Key considerations when pursuing tariff reforms

  • There is no one size fits all approach: although the Toolkit lays the foundation for COS and PBR regimes, elements of either approach can be combined to address the particular concerns of the jurisdiction and/or utility in question. In this sense, there is no one size fits all approach that will meet the needs of all jurisdictions – ratemaking regimes will need to be adapted to the local context;

  • Appropriate mechanisms can change over time: the ratemaking regime will inevitably evolve with time, as the regulator, utility, and other stakeholders build the knowledge and capabilities needed to implement cost reflective rates;

  • Cost of service helps to quickly mobilize investment, while PBR is more suited to a system which has reached steady state: cost of service ratemaking incentivizes utilities to grow their capital base in order to increase their profits, this can be especially effective in regions that require a build out or expansion of electricity infrastructure;

  • Costs to consumers are more easily managed in systems where load is growing: where load is growing, fixed costs can be allocated across a growing customer base.
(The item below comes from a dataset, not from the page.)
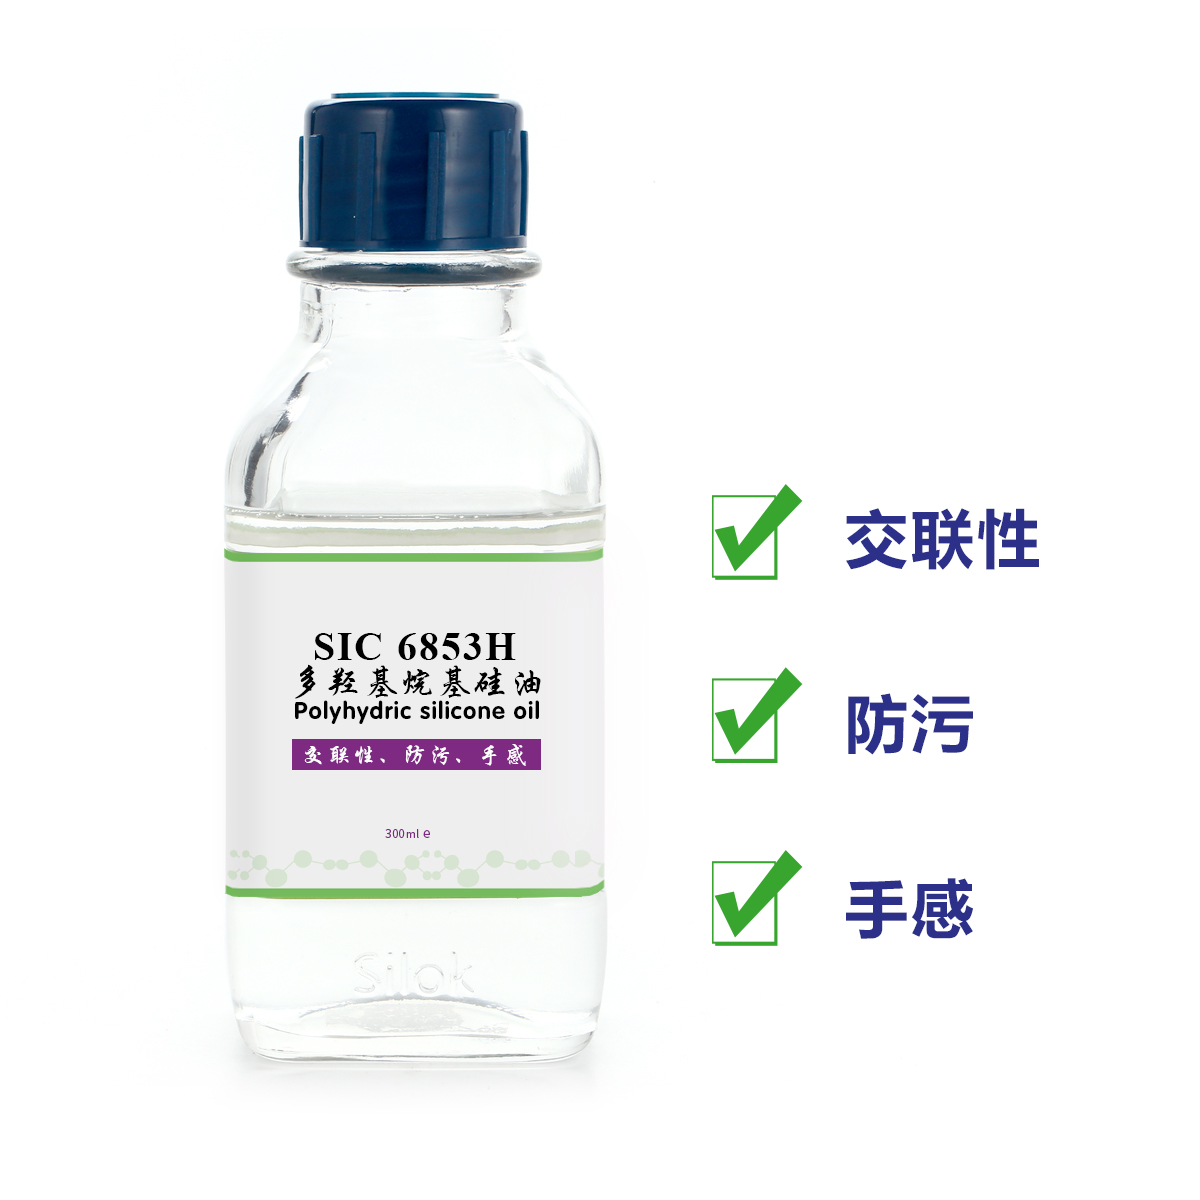 多羟基烷基硅油

It is when load is shrinking that rates are especially at risk of increasing, as the fixed costs of providing electric service are allocated among a shrinking customer base;

  • All regulatory systems represent a balancing act among key principles, particularly simplicity versus precision of cost allocation and incentives: key ratemaking principles include financial stability and a fair rate of return, non-discrimination, incentives compatibility, cost causation and avoidance of cross subsidies, and administrative simplicity. Policymakers need to determine which principles they prioritize most when developing the ratemaking approach; and

  • Sector costs do not disappear because they aren’t charged, and suppressing power prices can lead to larger problems in the future: the under recovery of costs incurred by a utility can threaten the financial viability of the sector. If subsidies are pursued to protect vulnerable customers from high electricity rates, those subsidies should be targeted, transparent, and time-limited.